A similar need exists for data supply. Multiple data load instructions should be executed in parallel, since load instructions represent close to a quarter of the dynamic instructions [2]. Fig. 1 shows the IPC improvement as a function of the number of cache memory ports of a very wide machine that can issue and commit up to 32 instructions per cycle. These results for the SPEC2000 GCC benchmark confirm that lack of sufficient cache ports indeed limits microprocessor performance.

In order to avoid the cost of a true multiported data cache [3], we pursue ways to implement a virtual multiport cache. As in instruction trace cache, we could conceive a data trace cache which packs together data from diverse addresses that are required for concurrent access during program execution.

Our analysis of benchmark programs reveals that there are recurring data traces in the data access stream. In the remainder of this paper we explain how our analysis was conducted, and present an architecture for a data trace cache. We evaluate and compare the data trace cache with simpler methods that rely on data access properties of typical computer programs. The evaluation reveals that the simpler methods achieve better performance than the data trace cache.



Fig. 1. IPC improvement for SPEC GCC on a 32-wide issue and commit machine as a function of the number of data cache ports. A single port cache is used as a baseline.

Attempts to exploit data traces have been shown in [4] and [5]. Our concept of the data trace cache aims to be a generalpurpose cache that does not require recompilation, and is based on similar concepts as the instruction trace cache [6].

Various methods that aim to build a virtual multiport data cache have been researched. Load All Wide (LAW) [7] is a simple method that exploits the spatial locality of the concurrent data accesses, which are usually targeted to the same cache block.
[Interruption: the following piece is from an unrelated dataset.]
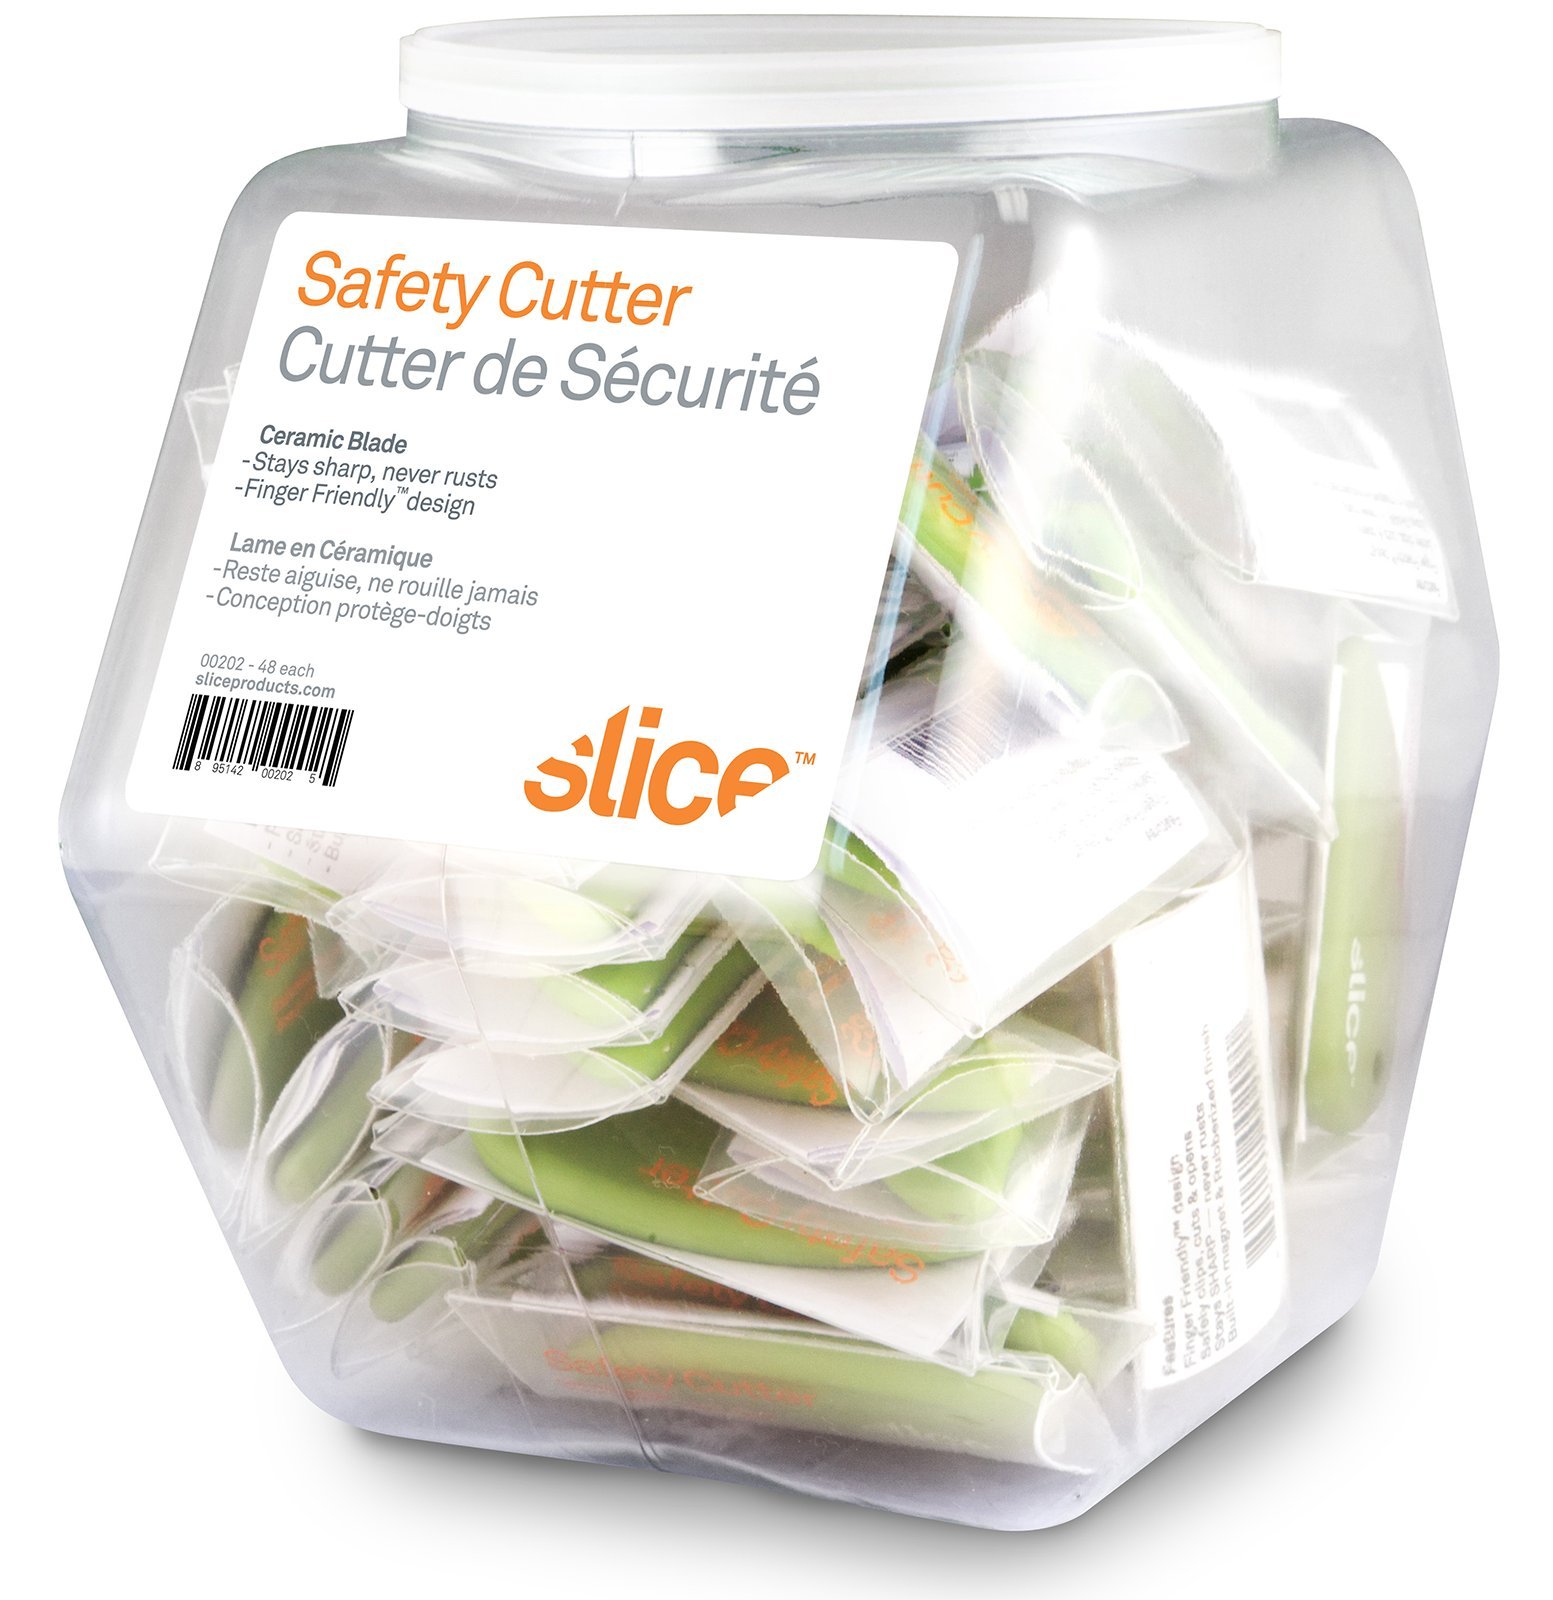 Slice Micro Ceramic Blade, Safety Cutter.
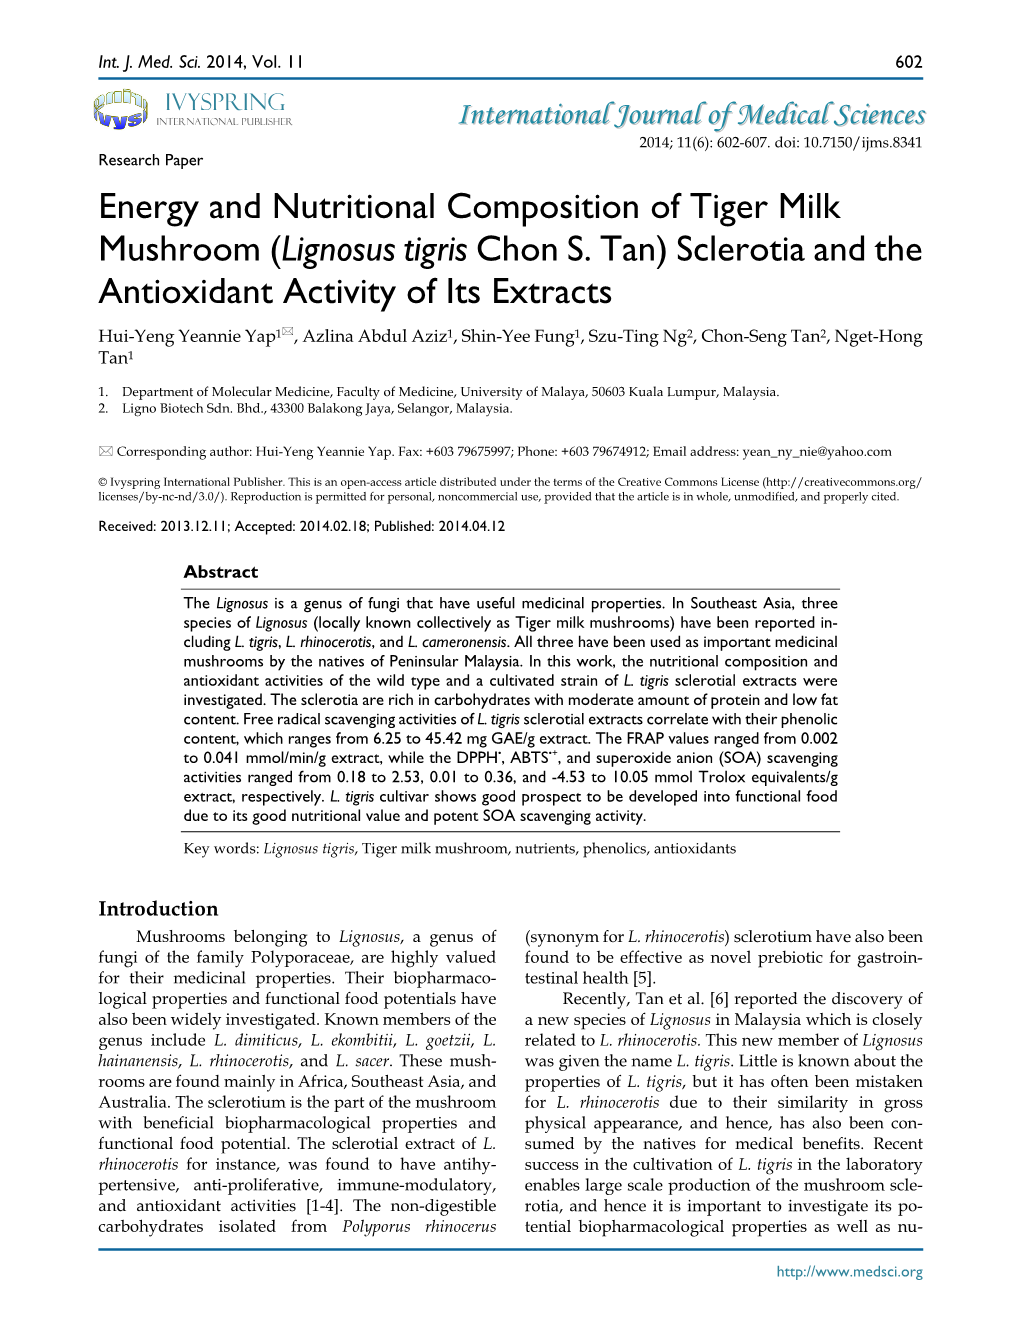 Energy and Nutritional Composition of Tiger Milk Mushroom (Lignosus Tigris Chon S

Line Buffer (LB) [7] is a mechanism that exploits the temporal locality of concurrent data accesses by caching the last accessed blocks into a small multiport cache.

#### II. ANALYSIS

In order to characterize the multiple data access behavior of computer programs, a data access trace was searched for recurring access patterns. We define a *burst* as all the loads that were concurrently issued on a specific cycle. For example, consider data access trace in Fig. 2, taken from the SPEC GCC benchmark simulated on a 32-wide issue and commit machine. In this example, we recognize two different bursts, each recurring twice. We define the *cover* of a set of bursts as the number of dynamic loads that reside in all the recurrences of the set of bursts, divided by the total number of dynamic loads. In our example, the cover is 10/12. If such recurring bursts can be found in a data access stream, then storing them in a data trace cache will increase the effective number of memory ports.

| Cycle   | Port 1     | Port 2     | Port 3     | Port 4     |  |
|---------|------------|------------|------------|------------|--|
| 10100   | 0x7FFF7698 | 0x7FFF769C | 0x7FFF76A0 | 0x7FFF76A4 |  |
| 10101   | 0x101A0240 |            |            |            |  |
| 10102   | 0x7FFF7698 | 0x7FFF769C | 0x7FFF76A0 | 0x7FFF76A4 |  |
| 10103   | 0x101A0242 | 0x101E2990 |            |            |  |
| 10104 < | 0x101A0240 | •          |            |            |  |

Fig. 2. An example data access trace with recurring bursts taken from the GCC benchmark. The values shown are the addresses fetched by an ideal 4-port machine in each cycle.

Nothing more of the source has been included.